Type
- Type: Municipal Corporation

History
- Founded: 2003; 23 years ago

Leadership
- Mayor: Rajinder Sharma (BJP)
- Deputy Mayor: Baldev Singh Billoria (BJP)
- Municipal Commissioner: Rahul Yadav

Structure
- Seats: 75
- Political groups: Government (43) BJP (43); Opposition (14) INC (14); Others (18) IND (18);

Elections
- Voting system: First past the post
- Last election: 2018
- Next election: no date confirmed

Meeting place
- Jammu, Jammu and Kashmir

Website
- jmcjammu.org

= Jammu Municipal Corporation =

Civic body governing Indian city of Jammu

Jammu Municipal Corporation is the civic body governing the city of Jammu. Jammu Municipal Corporation is headed by the city's Mayor and governed by the Commissioner.
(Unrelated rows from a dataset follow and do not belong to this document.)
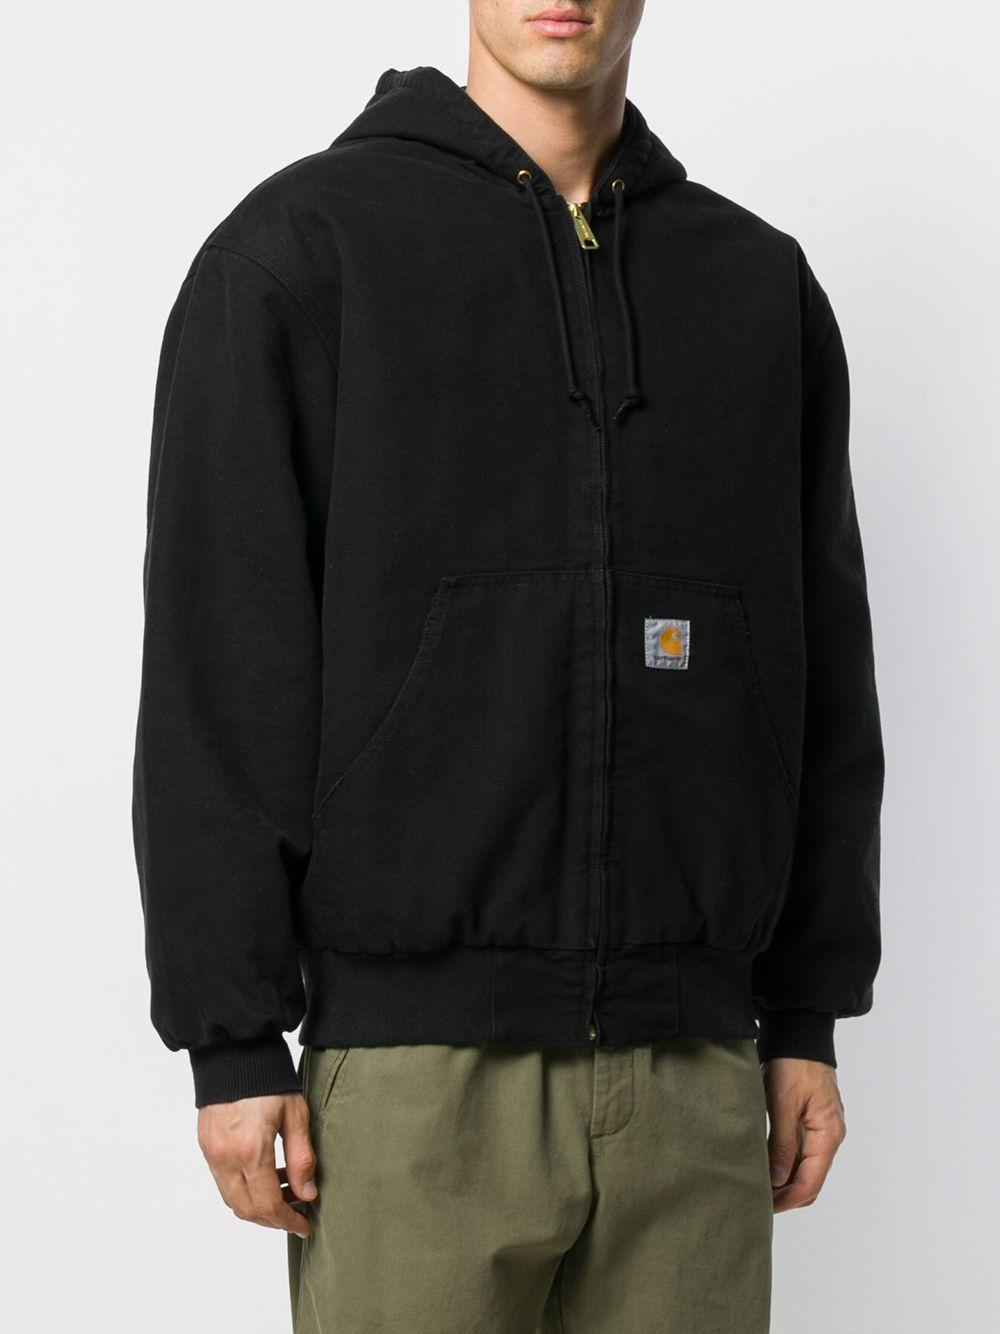 og active jacket man black in cotton CARHARTT WIP | Jackets | I02736089.3K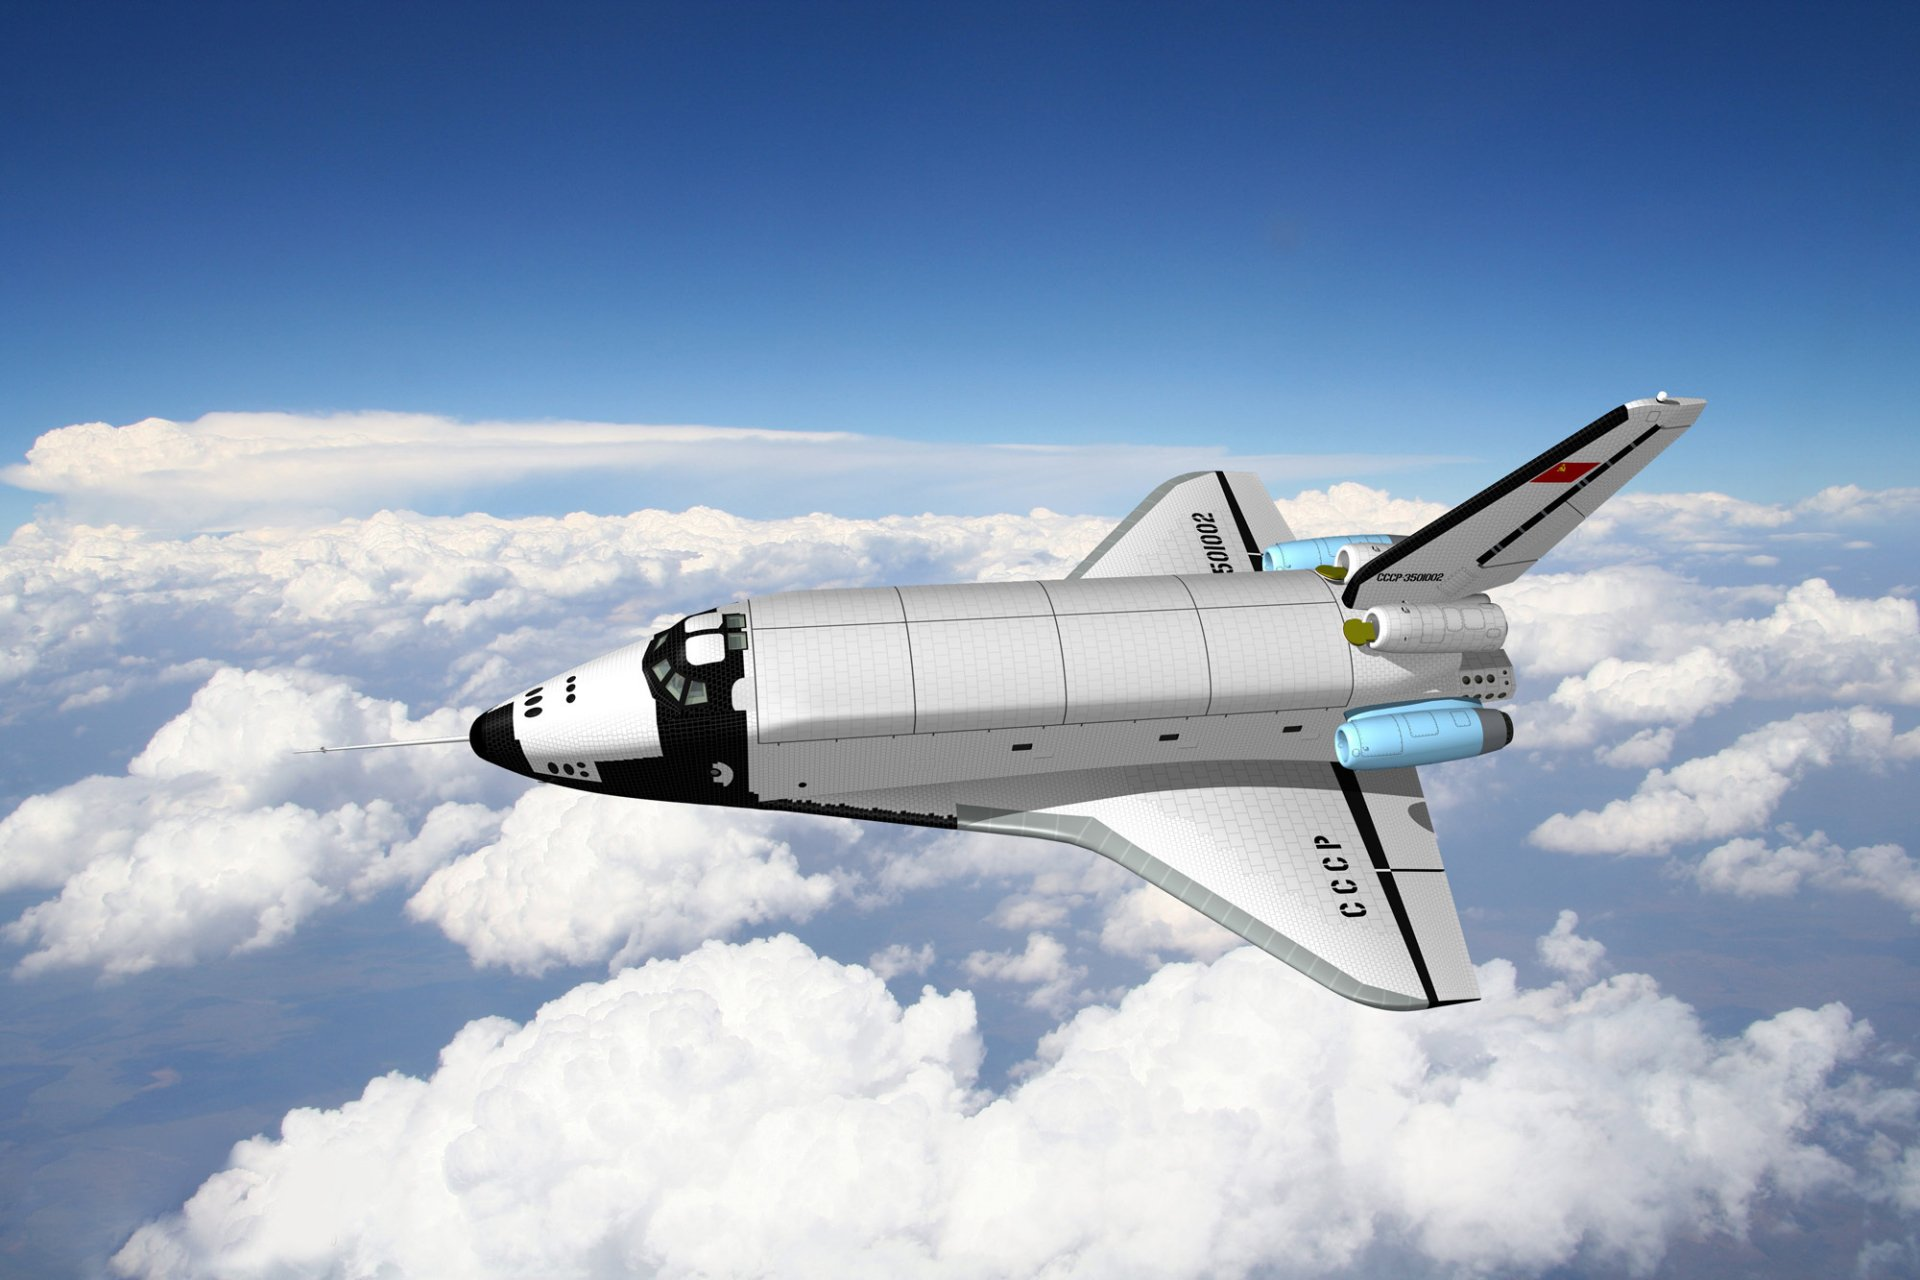 CGI - Aircraft  Wallpaper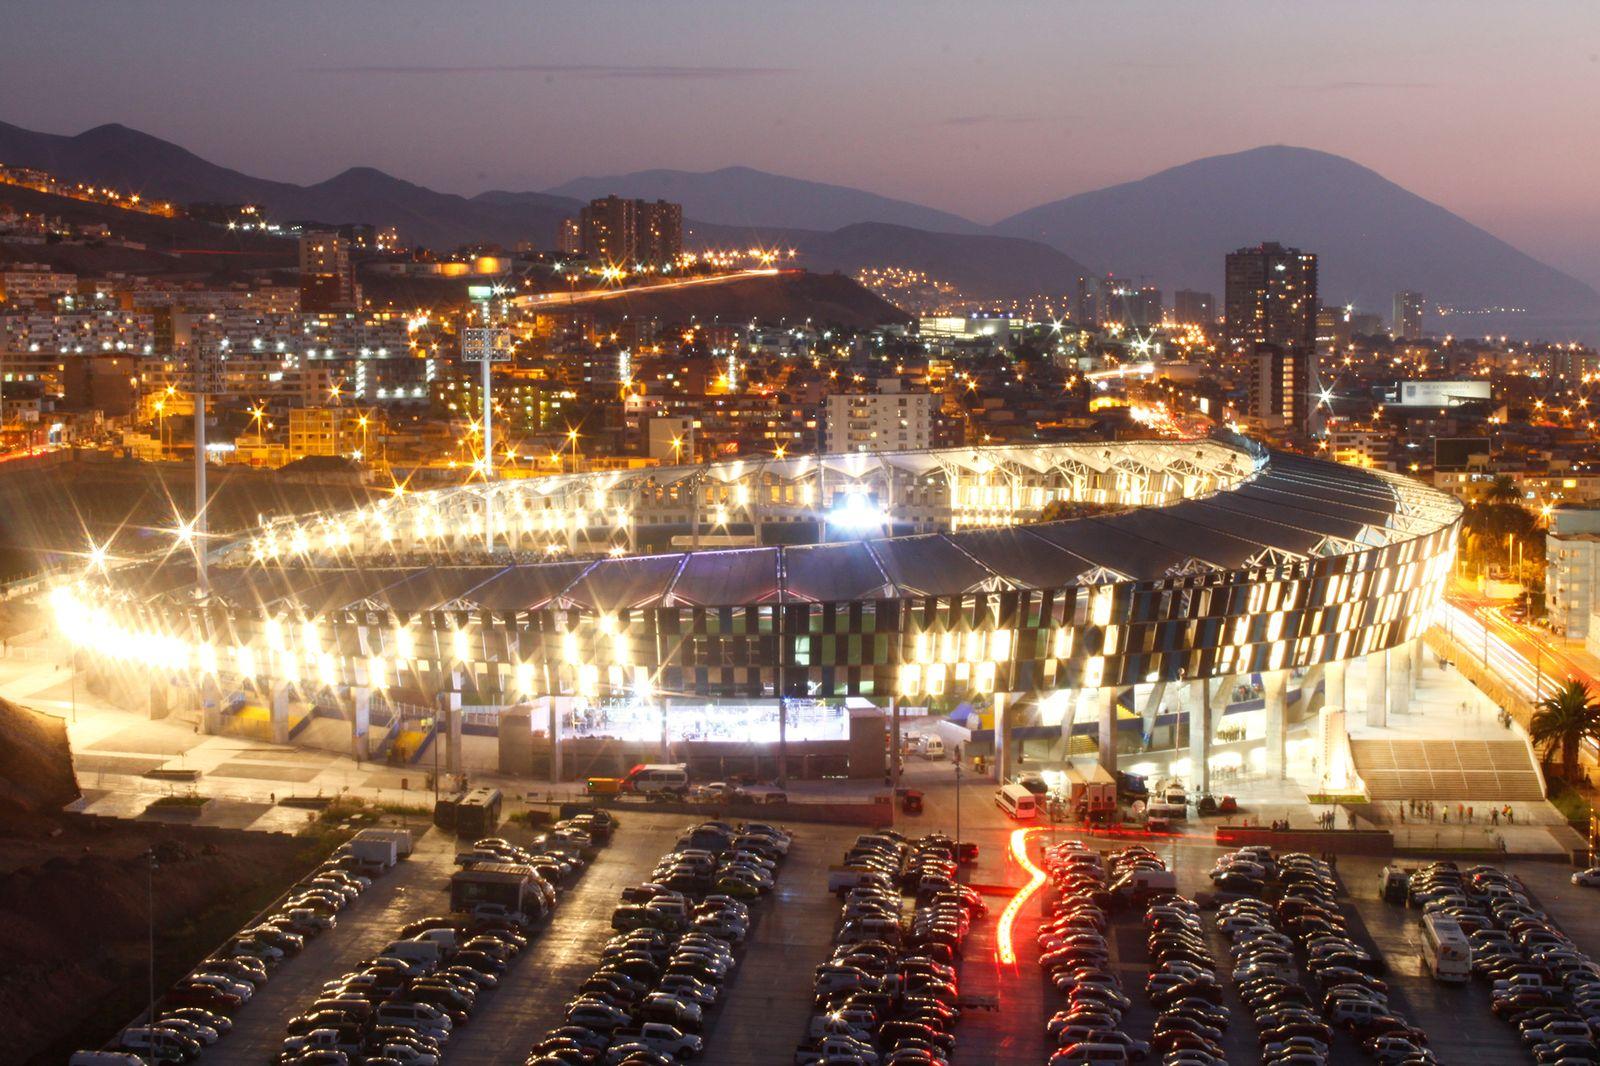 estadio_regional_antofagasta13.jpg

== History and administration ==

Jammu Municipal Corporation was formed to improve the infrastructure of the town based on the needs of the local population. Jammu Corporation has been categorized into wards; each ward is headed by a councilor, for which elections are held every five years.

Jammu Municipal Corporation is governed by Mayor Chander Mohan Gupta and administered by Municipal Commissioner Rahul Yadav.

== Functions ==
Jammu Municipal Corporation was created for the following functions:

- Planning for the town including its surroundings which are covered under its Department's Urban Planning Authority.

- Approving construction of new buildings and authorizing use of land for various purposes.

- Improvement of the town's economic and Social status.

- Arrangements of water supply for commercial, residential, and industrial purposes.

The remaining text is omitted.